“Me gusta rodearme de recuerdos, de igual modo que no vendo mis trajes viejos. A veces subo a verlos al desván donde los guardo y recuerdo los tiempos en que aún estaban nuevos y en todas las cosas que hice cuando los llevaba”.
Gustave Flaubert
Pocas veces en mi vida he sido consciente de la incontestable supremacía de una sensación o estado, como lo fui hace algunas semanas del estruendoso sonido del silencio que se cernía sobre mí. Un silencio autoritario, casi dictatorial, inmutable aún en medio de la ruidosa cotidianidad. Sí, un silencio placentero, condescendiente y protector, que tras ser impuesto por un orden superior, se convirtió primero en un hábito y poco después en una necesidad y me llevó con paciente gesto a descubrir la perfección literaria de los recuerdos.
Ni las musas de Homero y Hesíodo, ni la pureza de la más sagrada epifanía, ni mucho menos las conquistas de una indómita imaginación, pueden alcanzar los lugares insospechados a los que llega el impulso de los recuerdos, reminiscencias inmemoriales en las que en lugar de echar de menos la precisión de la veracidad, se resanan con ficción las grietas que ha dejado el tiempo, trabajando a marchas forzadas para evitar la propia extinción.

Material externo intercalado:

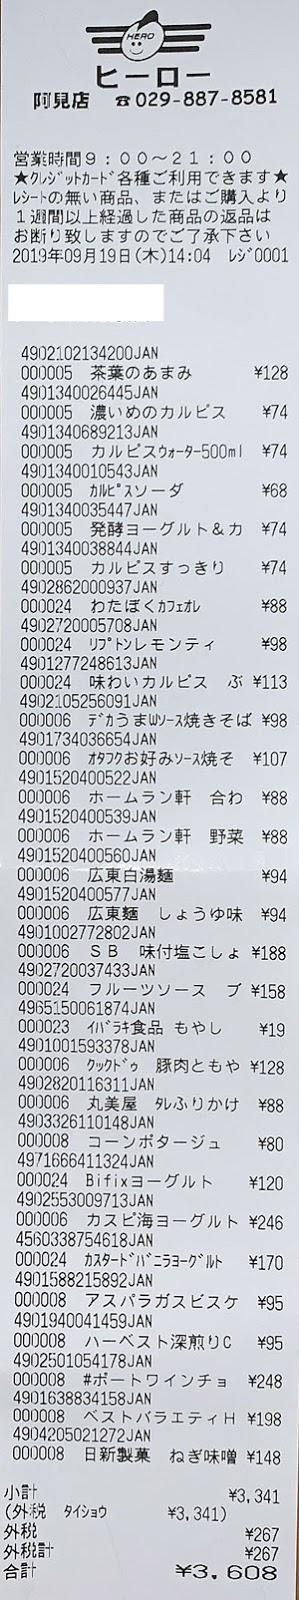 ヒーロー 阿見店 2019/9/19 のレシート

Imágenes a veces tan nítidas y otras veces tan difusas en las que se hace imposible establecer los límites de la realidad, pero que van abriéndose paso en la mente y el espíritu, hasta convertirse en verdades certificadas, que justifican el camino recorrido, dan valor y sentido a nuestra existencia y hacen posible nuestro pasado y presente, pero sobre todas las cosas el futuro, cimentado en esas escenas rescatadas del naufragio que definen nuestra identidad.
Puesto en la labor de restaurar las ruinas de mi propio imperio, me vi sin más recorriendo –ya no una calle– sino toda una villa de tiendas oscuras, por cuyos rincones, por un simple principio de oposición, me colé como una silueta clara, para acudir a los Stioppa de turno, en busca de esos preciosos recuerdos que me brindaran un indicio de mi identidad. Y entonces reproduje cuidadosamente cada detalle de las historias que jamás protagonicé y sentí una indescriptible nostalgia por los momentos entrañables que nunca viví, esa misma sobre la que en 1978 escribió aquel entonces novel escritor francés, ahora Nobel.
Rehaciendo mis pasos deambulé por las calles, que a pesar de resultarme estremecedoramente familiares, se escurrían por las rendijas de la memoria como arena entre los dedos, sin que pudiera materializar el leitmotiv de las intrigas que allí se desarrollaron.
Decenas de malos recuerdos pasaron a mi lado como fantasmas al asecho, sin que pudieran hacerme daño, sin que lograra siquiera reconocerlos, porque en un momento de lucidez que escapa a mi entendimiento decidí olvidarlos y así perder el peso suficiente para mantener la nave a flote, conservando únicamente el equipaje indispensable para sobrevivir.
Ladrillo a ladrillo reconstruí las torres olvidadas de mi propia personalidad, asumiendo casi por vez primera aquellos detalles que en boca de un puñado testigos presenciales dolorosamente envejecidos, lucen cada vez más inverosímiles y parecen poner una distancia infranqueable entre la persona que soy y la que fui, con la que ahora apenas comparto algunos rasgos reconocibles para el agudo observador. Es esa misma distancia que impone la trama insospechada y fascinante que revela cada día la vida, la que hace posible que al mirar atrás, el camino recorrido parezca más el resultado del trance de un solitario escritor, que el recuento de lo vivido.
Al término de este intenso y efímero viaje, tan real como puedo llegar a serlo yo mismo, pero que ahora parece haber tenido lugar en el plano de lo onírico, no puedo evitar sentir la satisfacción del autor que ha encontrado el colofón perfecto para su historia. Y entonces los recuerdos que atesoro, a pesar de su dudoso contenido de realidad, dicen mucho más de mí que cualquier documento certificado y aunque probablemente nunca narren los hechos de mi pasado con fidelidad, exhiben orgullosos la más cuidada estructura literaria, describiendo palabra a palabra, capítulo a capítulo, una historia digna de ser contada, con personajes sorprendentes e indescifrables y puntos de giro dispuestos en el momento oportuno, para mantener la atención de los lectores y desde luego la incertidumbre de sus protagonistas.
“Cuando era más joven podía recordar todo, hubiera sucedido o no”.